1. Un método de producción de células epiteliales pigmentarias retinianas (RPE) a partir de células pluripotentes humanas, caracterizado por que el método comprende:

a) cultivar células pluripotentes humanas durante 7-14 días para formar cuerpos embrioides en un cultivo en suspensión en un medio que comprende menos del 5% de proteínas de origen animal; b) cultivar los cuerpos embrioides en forma de un cultivo adherente en un medio que comprende menos del 5% de proteínas de origen animal, por lo que las células RPE aparecen en 14-28 días de cultivo adherente;

c) seleccionar las células RPE del cultivo de la etapa (b);

d) cultivar las células RPE seleccionadas en la etapa (c) en un medio que comprende uno o más factores seleccionados del grupo que consiste en EGF, bFGF, VEGF y factor de crecimiento similar a insulina recombinante; y

e) cultivar las células RPE de la etapa (d) para estimular su maduración, y de ese modo producir un cultivo que comprende células RPE.

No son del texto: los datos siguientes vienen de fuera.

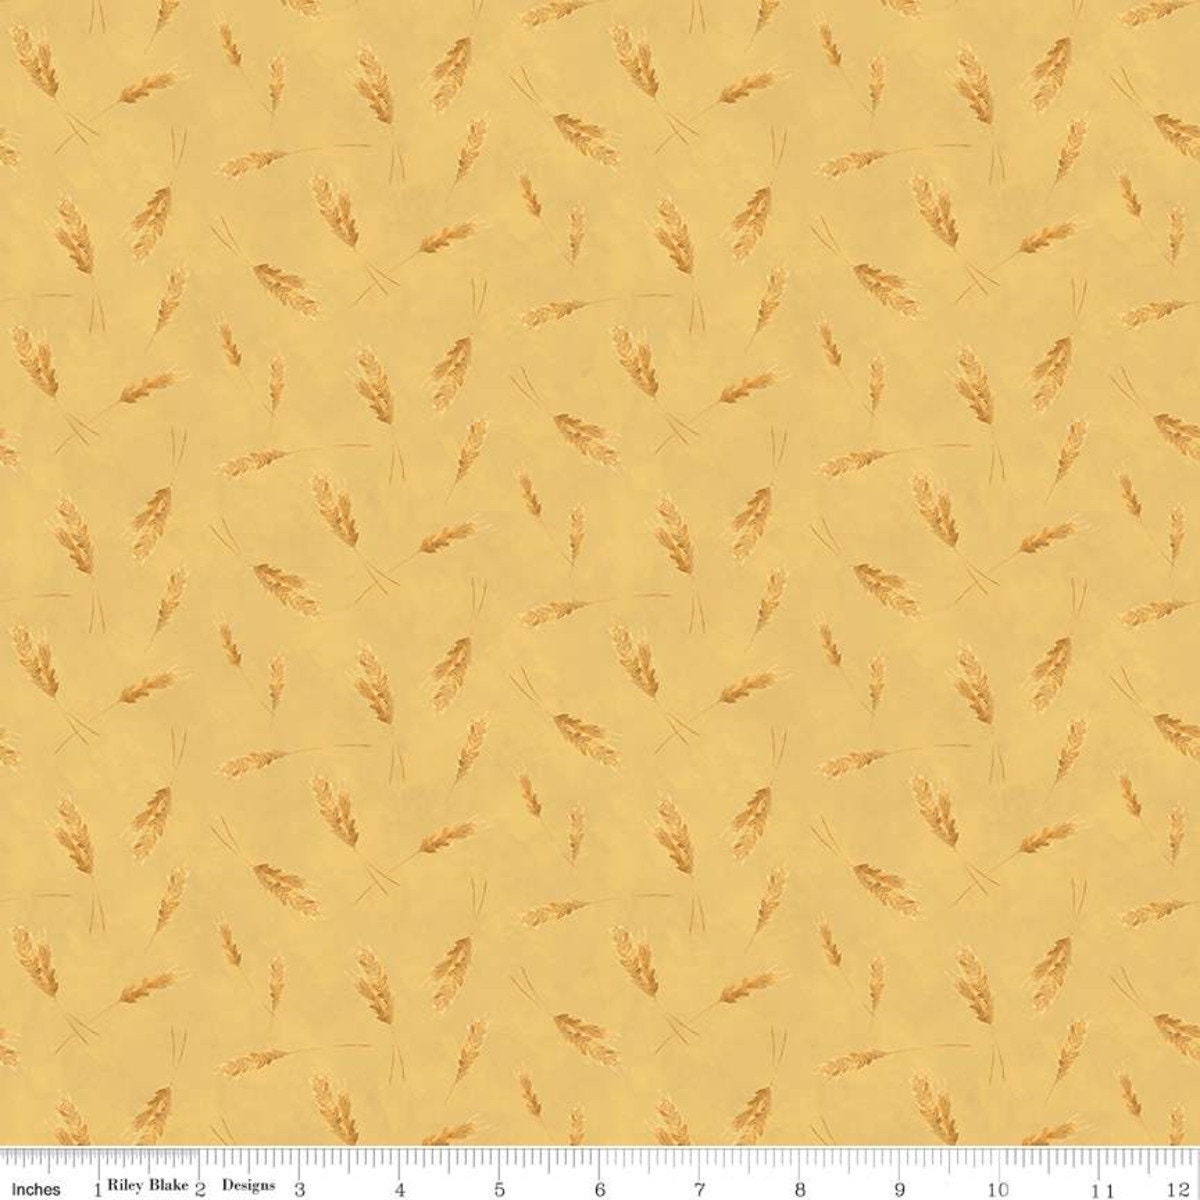 SALE Buttermilk Homestead Panel Two P11662 by Riley Blake Designs - Printed  Appliques - Quilting Cotton Fabric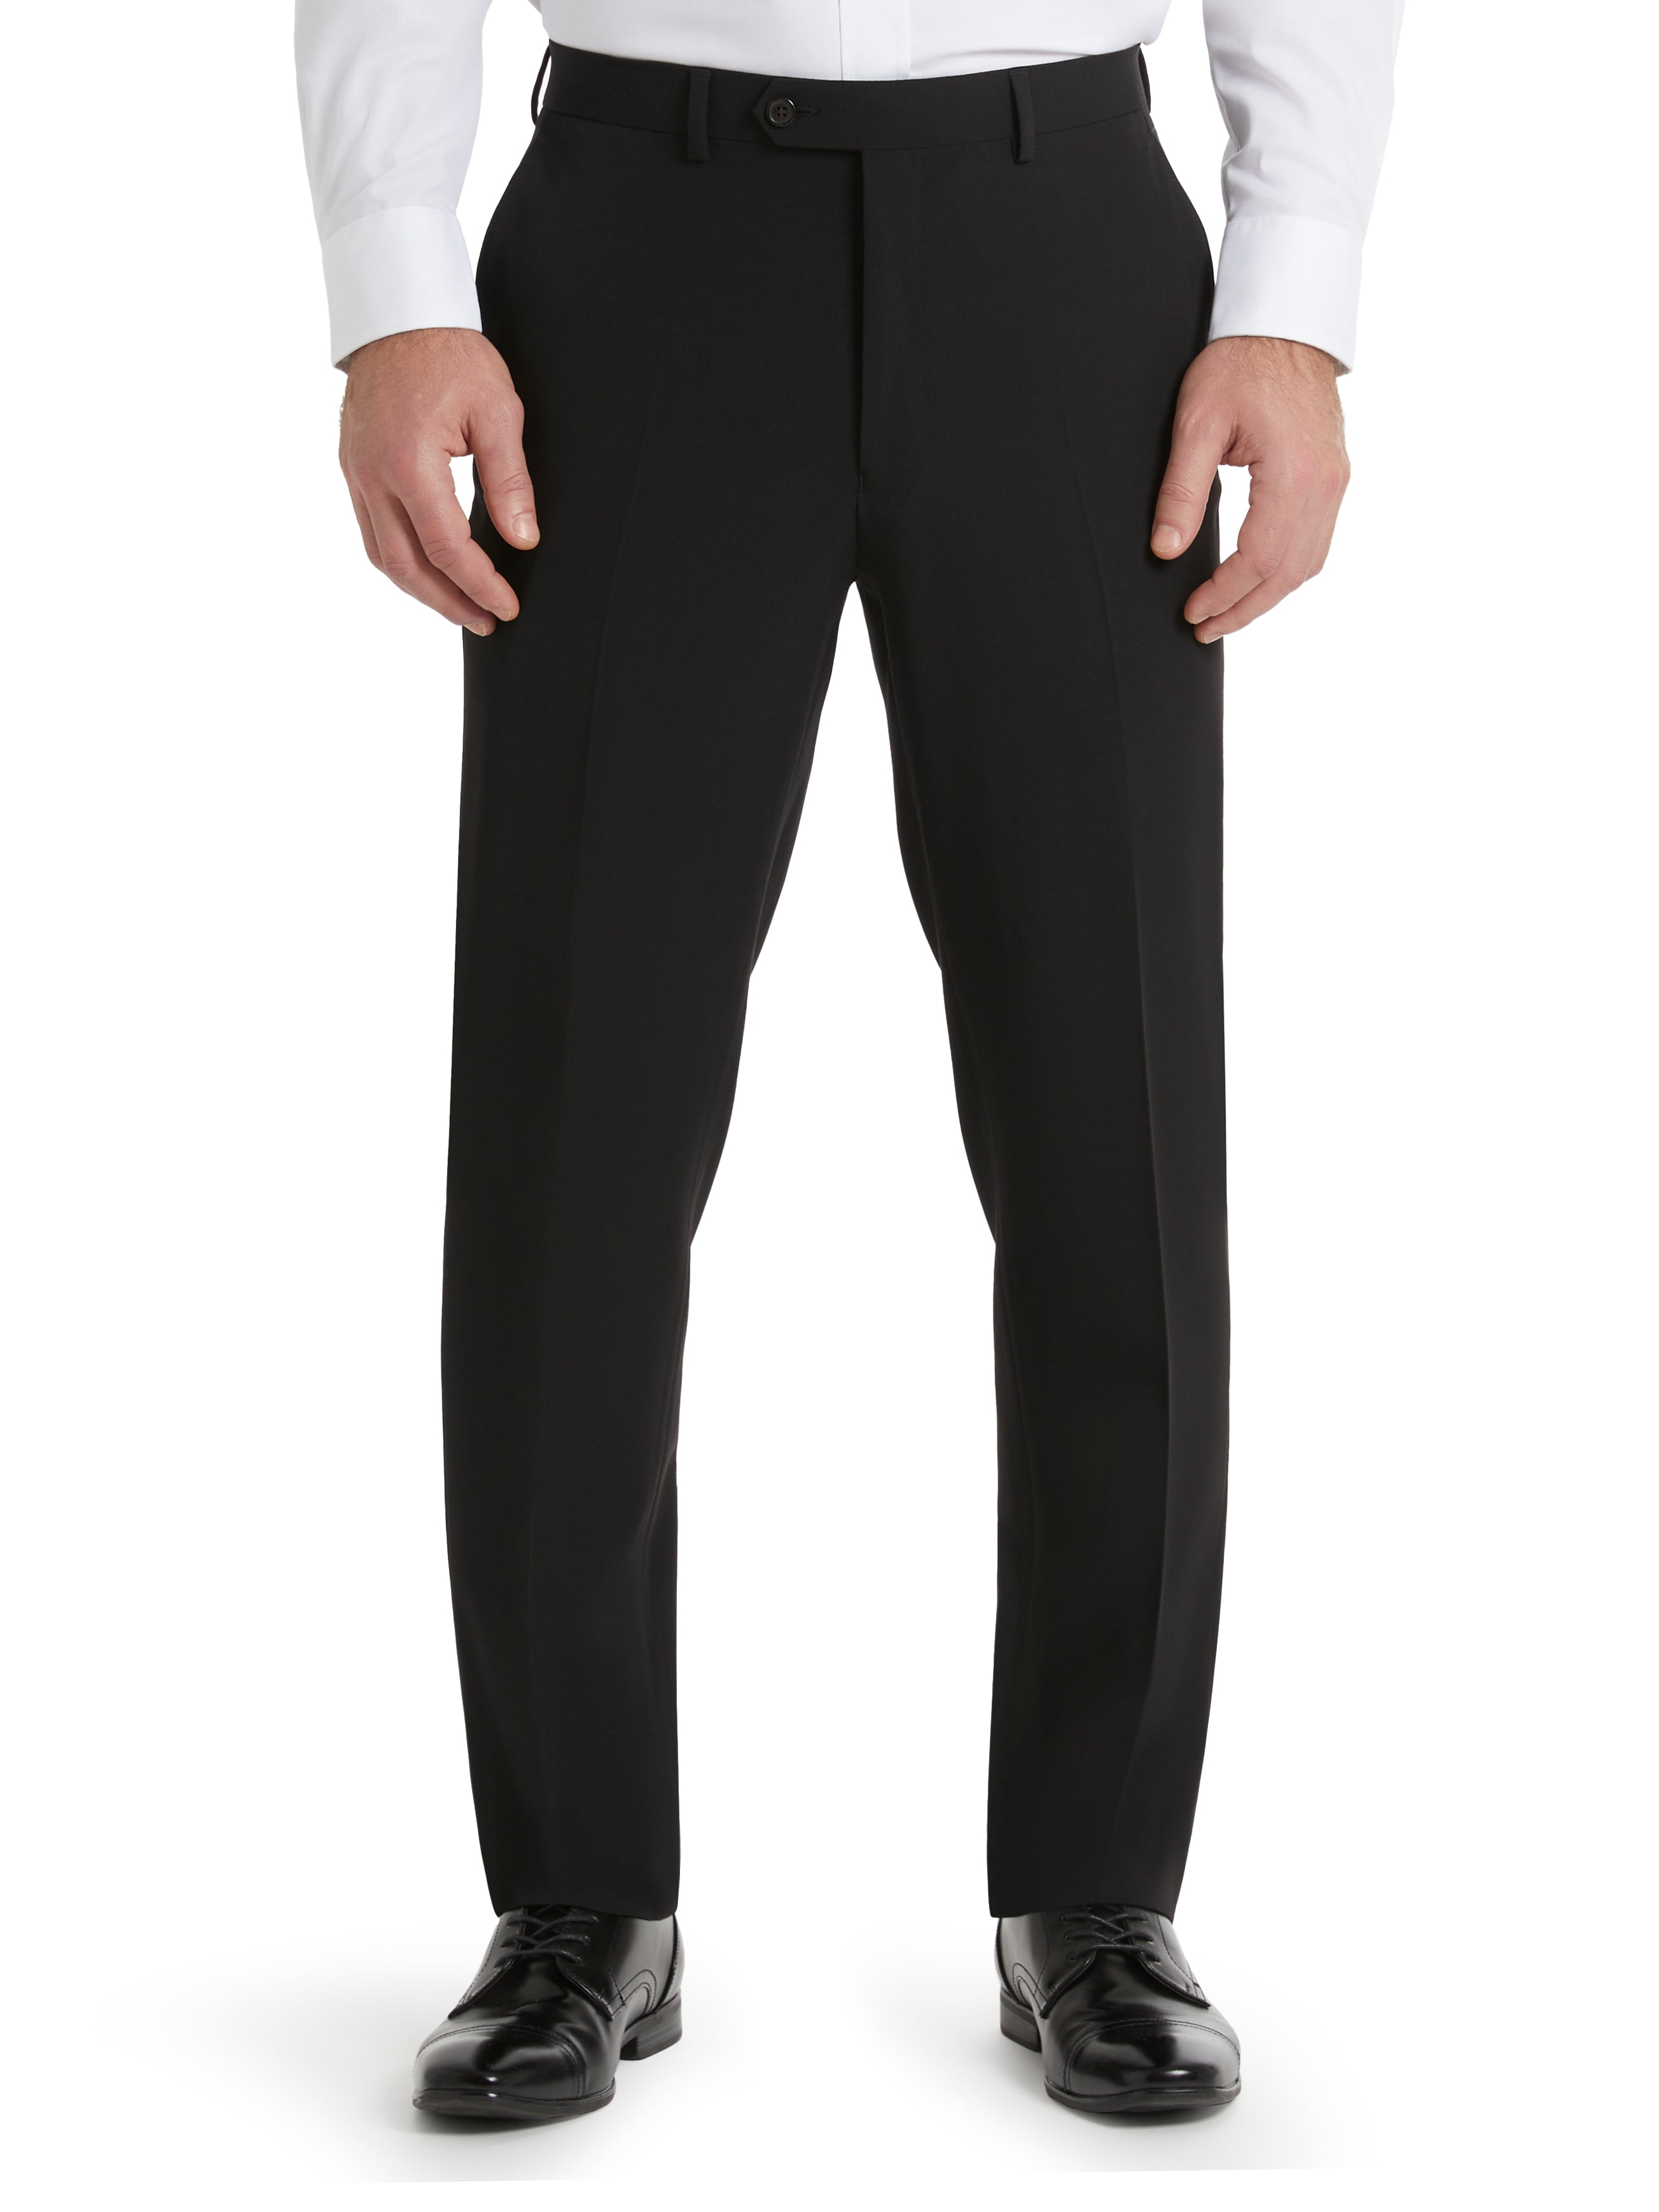 Grey Wrinkle-Resistant Dress Pant - Custom Fit Tailored Clothing

2. El método de la reivindicación 1, que comprende además cultivar las células RPE de la etapa (e) para producir un cultivo de células RPE maduras.

3. El método de la reivindicación 1 o 2, en el que el medio de la etapa (a) contiene un suplemento B-27 sin suero y el medio de la etapa (b) no contiene un suplemento B-27 sin suero.

4. El método de la reivindicación 1, en el que el medio de la etapa (d) comprende además uno o más factores seleccionados del grupo que consiste en: heparina, hidrocortisona, y ácido ascórbico.

5. El método de cualquiera de las reivindicaciones 1-4, en el que los cuerpos embrioides de la etapa (b) se cultivan durante 28 días o más.

6. El método de cualquiera de las reivindicaciones 1-5, en el que la etapa (c) comprende poner en contacto el cultivo de la etapa (b) con una enzima que provoca que las células RPE se desprendan del cultivo adherente, y seleccionar las células pigmentadas desprendidas o los agrupamientos celulares desprendidos que contienen células pigmentadas.

7. El método de la reivindicación 6, en el que dicha enzima se selecciona del grupo que consiste en colagenasa IV y dispasa.

8. El método de la reivindicación 1, en el que las células madre pluripotentes humanas se seleccionan del grupo que consiste en células madre pluripotentes inducidas (iPS) y células madre embrionarias.

9. El método de la reivindicación 7, en el que la etapa (c) comprende además disociar los agrupamientos celulares seleccionados que contienen células pigmentadas, y de ese modo se forma una suspensión de células individuales que comprende células RPE.